AID4GREENEST researchers have presented new research that strengthens the scientific foundations behind reliable, uncertainty-aware modelling, a key pillar for AI-driven innovation in sustainable industry.
The research: “A Framework for the Bayesian Calibration of Complex and Data-Scarce Models in Applied Sciences,” (currently available as a Preprint on arXiv) from Prof. Ignacio Romero and Dr. Christina Schenk at IMDEA Materials Institute, presents a comprehensive review and practical implementation of Bayesian calibration based on the well-established Kennedy-O’Hagan (KOH) framework.
This approach is widely recognised for its ability to combine simulation models and experimental data while rigorously quantifying uncertainty and accounting for model discrepancies.
For AID4GREENEST, this topic is especially relevant given the project’s focus on developing AI-supported modelling and rapid characterisation tools for greener steel production and manufacturing processes, where simulations are often computationally expensive and experimental data are limited.
Under these conditions, robust calibration and transparent uncertainty estimation are essential to ensure that predictive models can be trusted in research and industrial decision-making.
The publication also highlights the implementation and use of ACBICI (A Configurable BayesIan Calibration and Inference Package), an open-source Python library designed to translate the Bayesian calibration framework into a practical and extensible workflow.

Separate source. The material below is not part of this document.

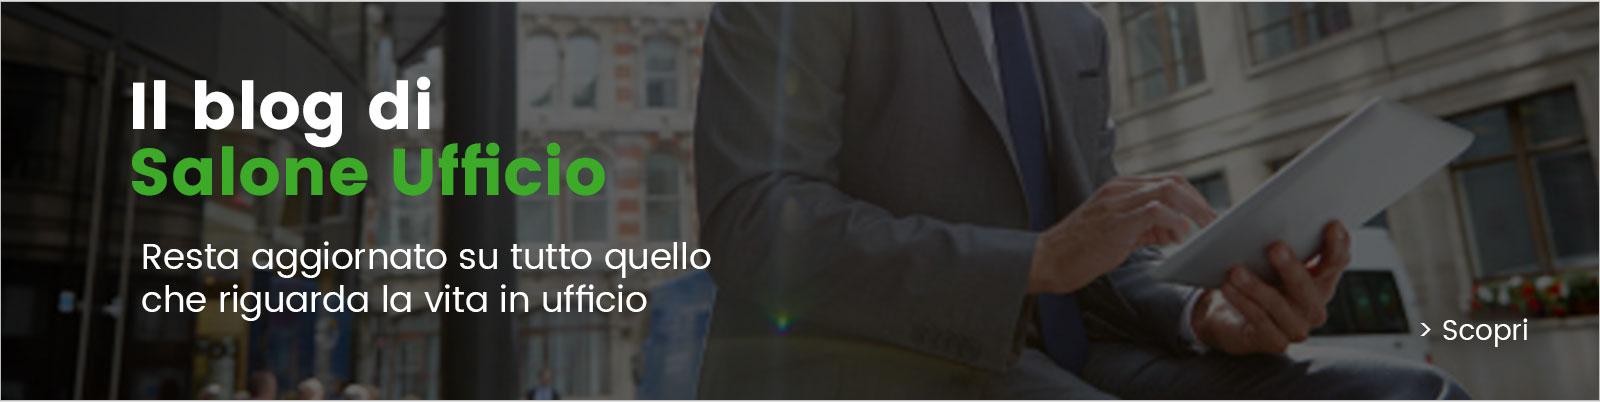 Vendita mobili ufficio online salone ufficio for Mobili occasioni online

The framework supports both single- and multi-output calibration, enabling simultaneous inference across several interrelated model outputs, a frequent requirement in complex materials and process simulations. It integrates advanced Bayesian inference algorithms, posterior approximation methods, Gaussian process–based prediction, and sensitivity analysis into a unified and largely automated pipeline.

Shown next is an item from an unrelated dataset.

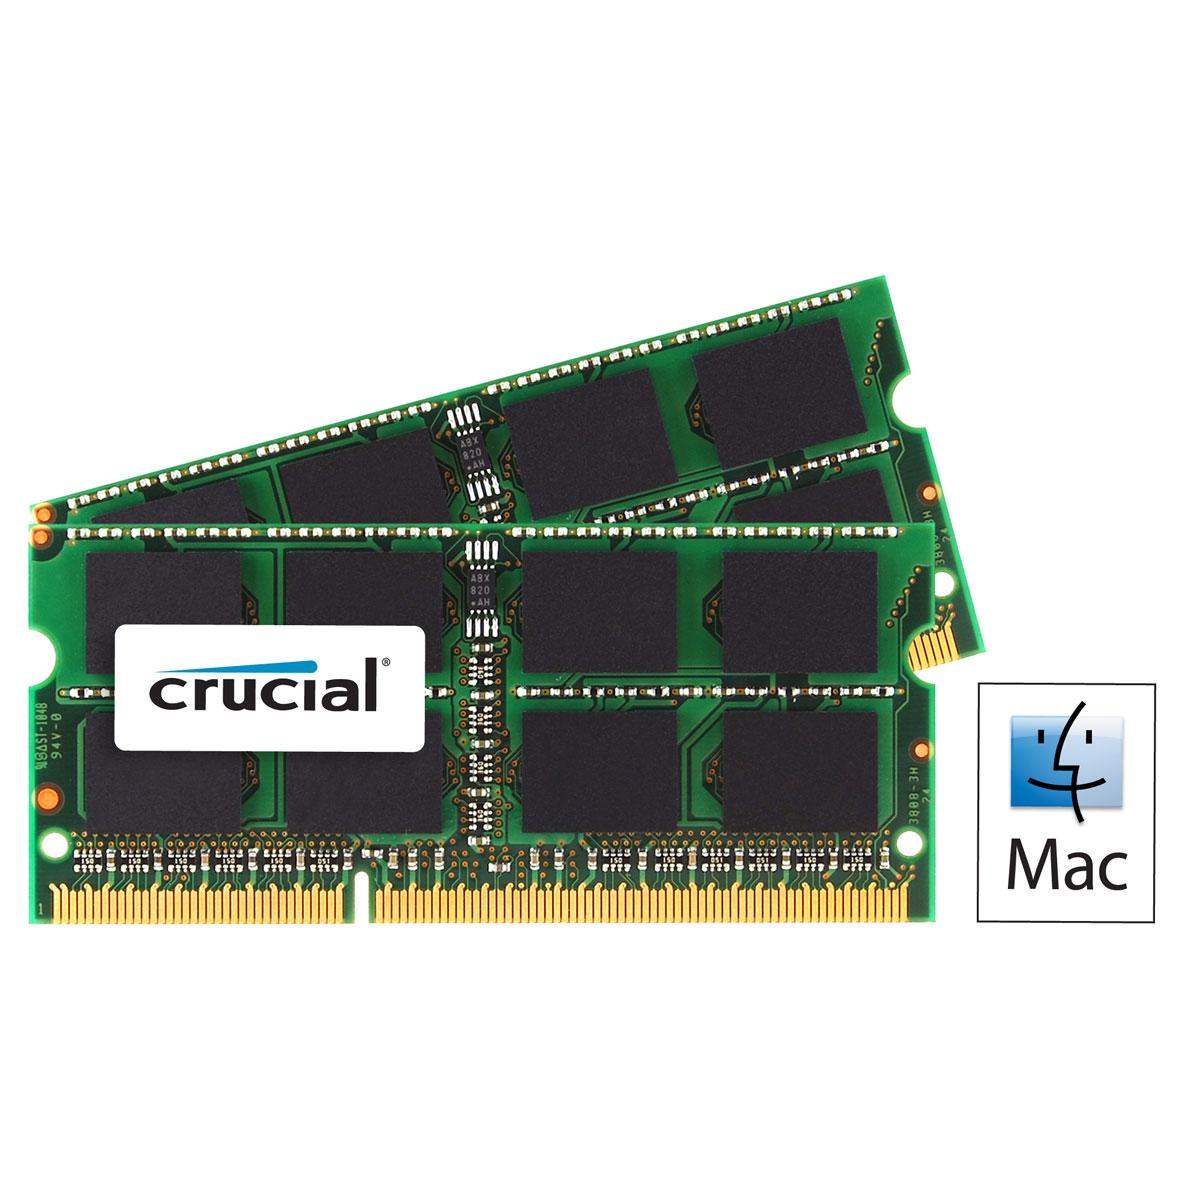 macbook 5 1 ram upgrade instructions

This makes it possible to perform scalable, interpretable, and sample-efficient inference even in data-scarce scenarios.
A further contribution of the study is a consolidated set of practical recommendations for conducting reliable Bayesian calibration. These guidelines, derived from both theoretical insight and implementation experience, help users apply rigorous methods without unnecessary complexity.
This work from AID4GREENEST researchers Prof. Romero and Dr. Schenk lowers the barrier to adopting sophisticated calibration strategies. In doing so, it directly supports the project’s mission to combine AI, simulations, and experimental data in a scientifically robust way, accelerating the development of more sustainable materials and industrial technologies.